EXERCISE OBJECTIVE:
Since pictures are not part of the copy, please output only the lines from the one with "郡摂氏少しソープフラワー 創意花かごギフトボックス 母の日" through the end of the data below, exactly as written.

PROVIDED MATERIAL:
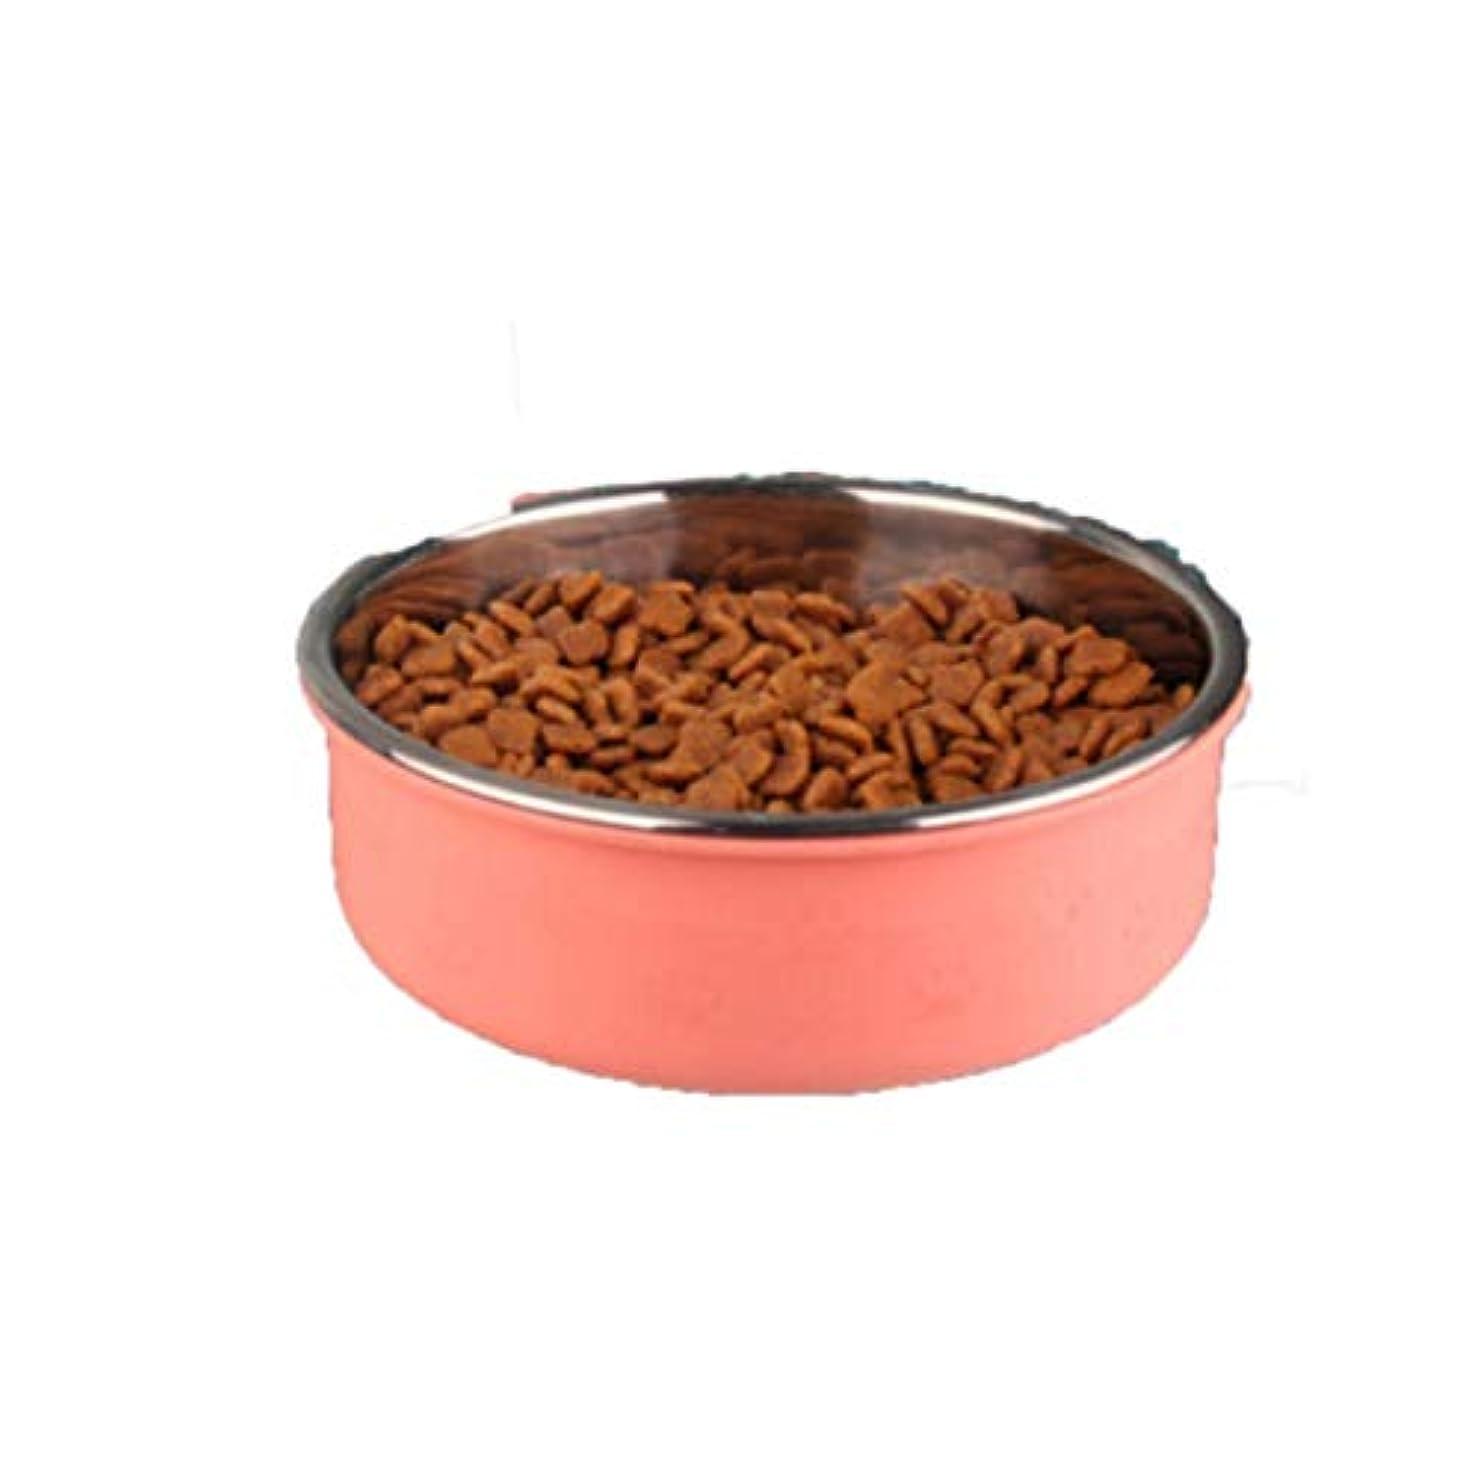 変成器カウンターパート責Xian ペットフードボウル、ハンギングステンレス犬ボウル、犬用品、固定猫用ポット、猫用ボウル、犬用ケージ飲料用鉢、犬用ポット Easy to Clean Non-Skid Bowls for Dogs (Color : Pink, Size : L)
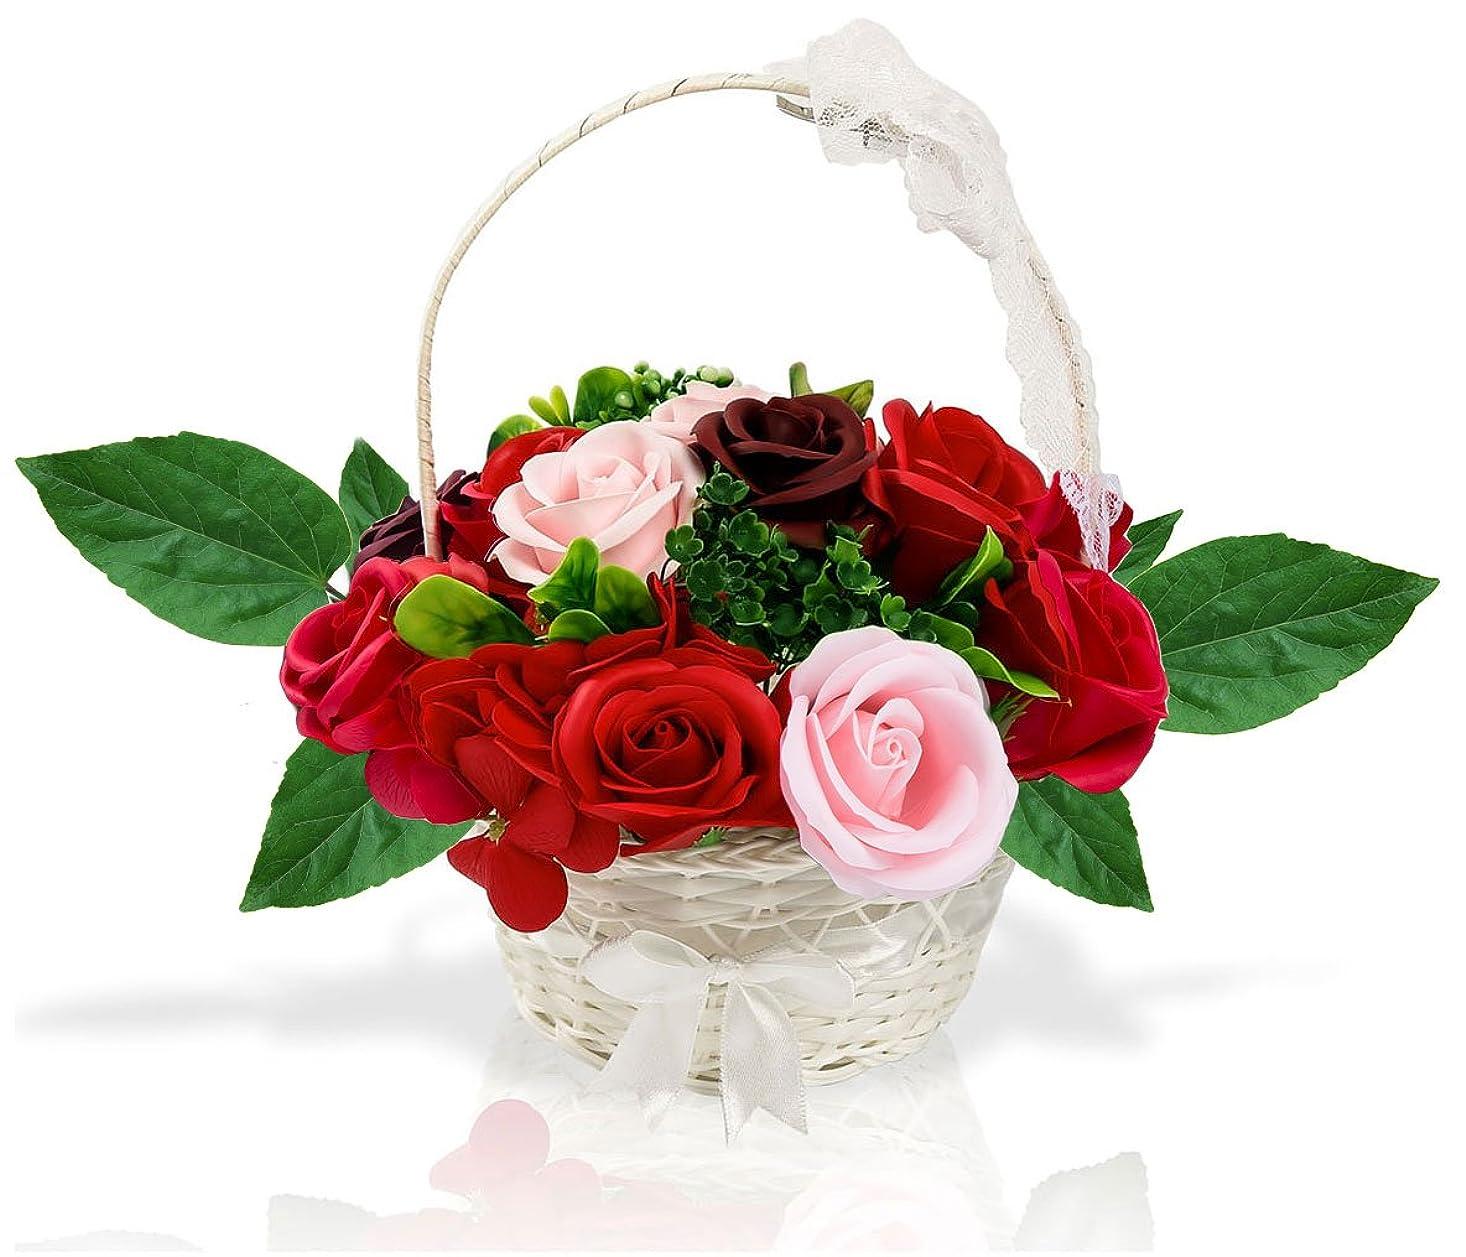 郡摂氏少しソープフラワー 創意花かごギフトボックス 母の日 誕生日 記念日 先生の日 バレンタインデー 昇進 転居など最適としてのプレゼント
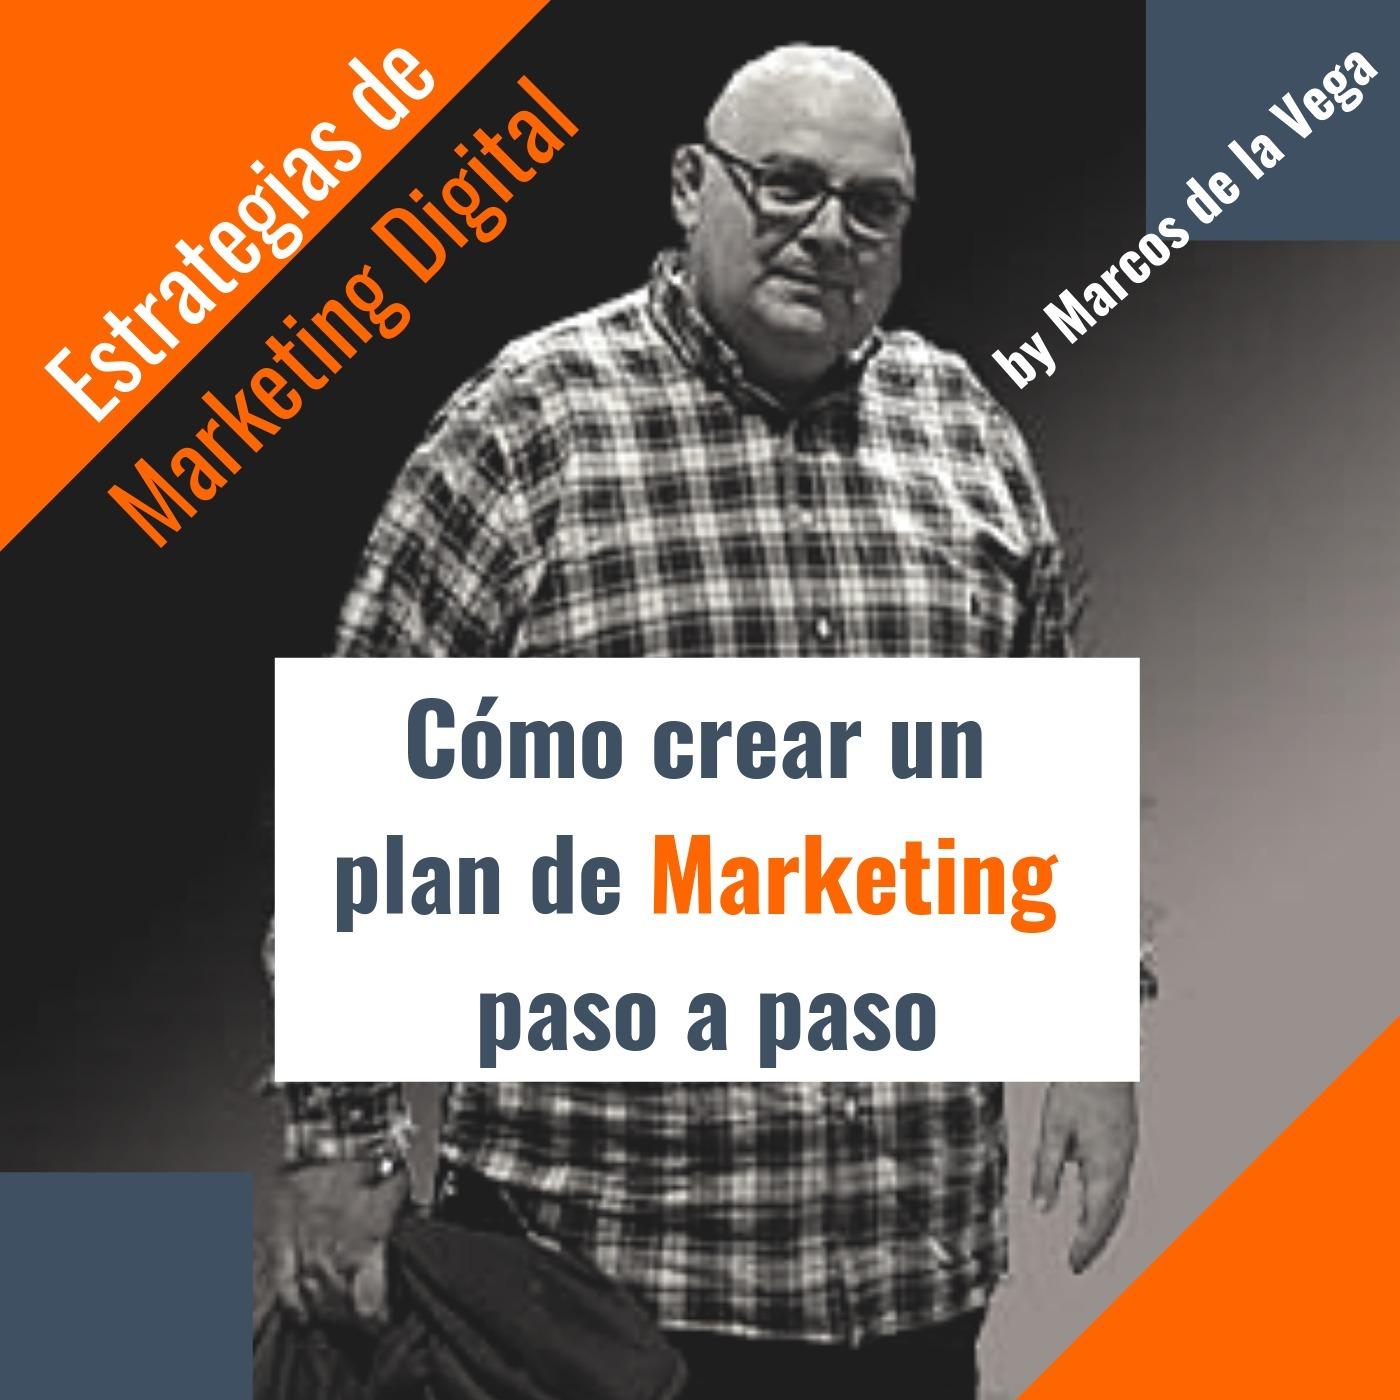 Cómo crear un plan de marketing paso a paso
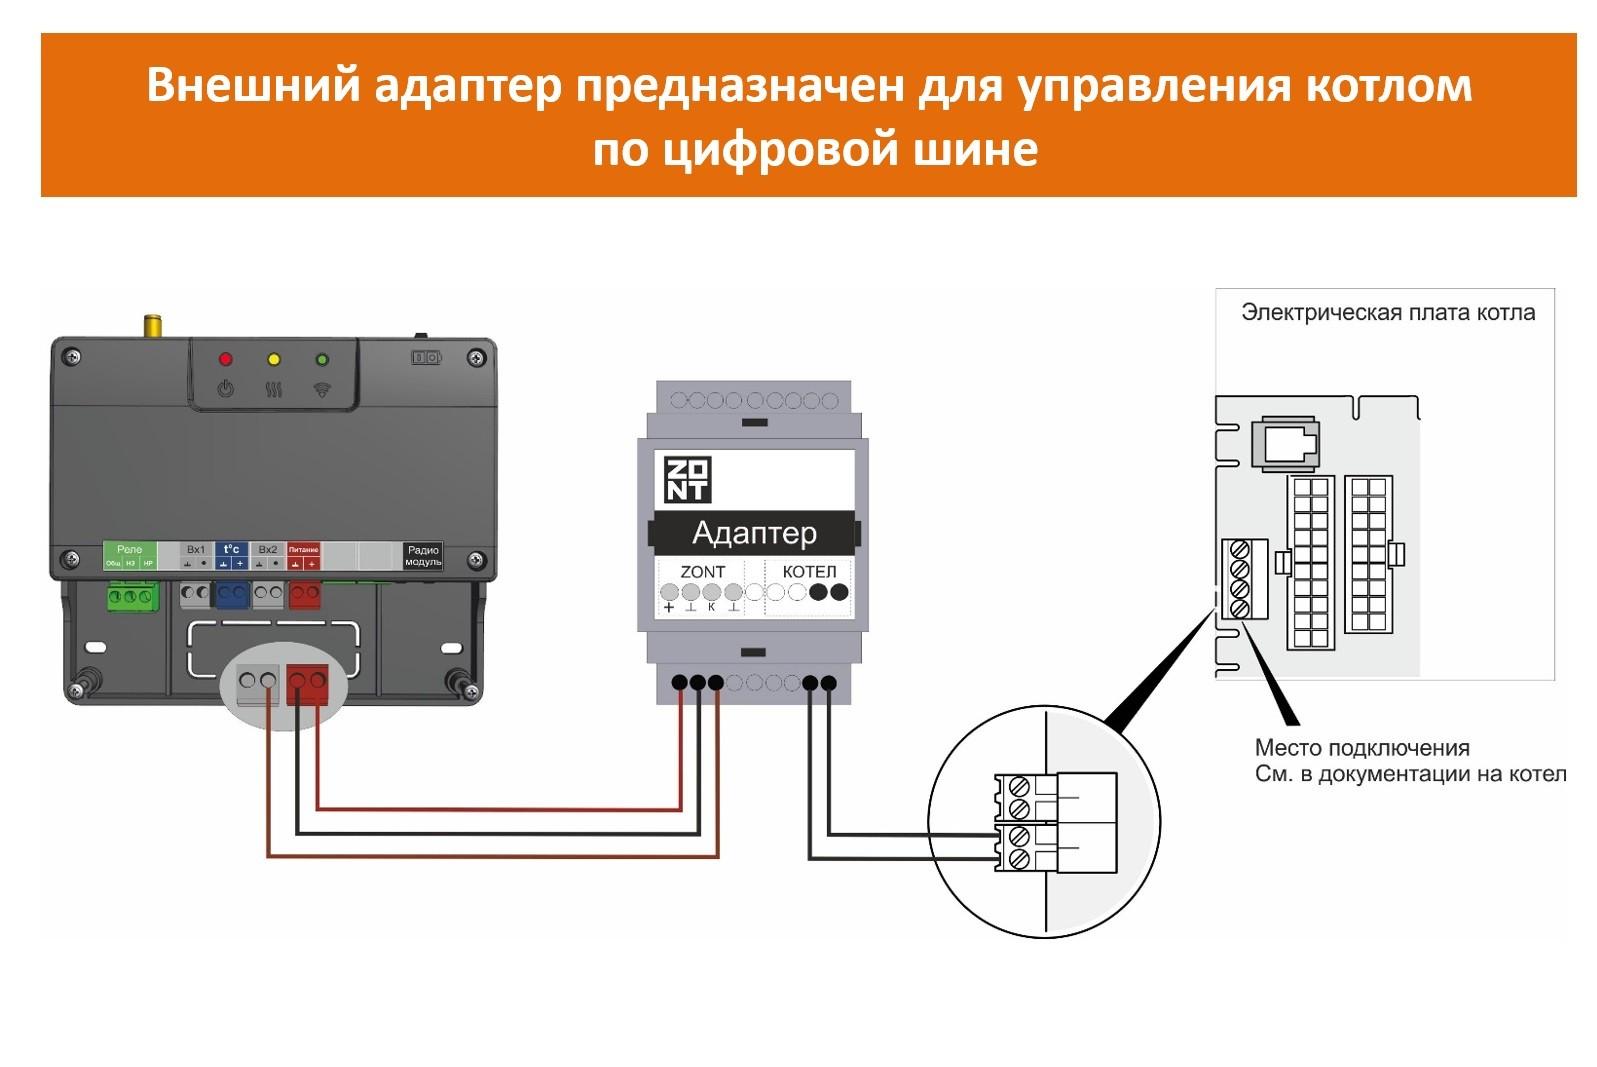 Как подключить термостат к котлу

RESPONSE TO THIS TASK:
 郡摂氏少しソープフラワー 創意花かごギフトボックス 母の日 誕生日 記念日 先生の日 バレンタインデー 昇進 転居など最適としてのプレゼント
 Cómo crear un plan de marketing paso a paso
 Как подключить термостат к котлу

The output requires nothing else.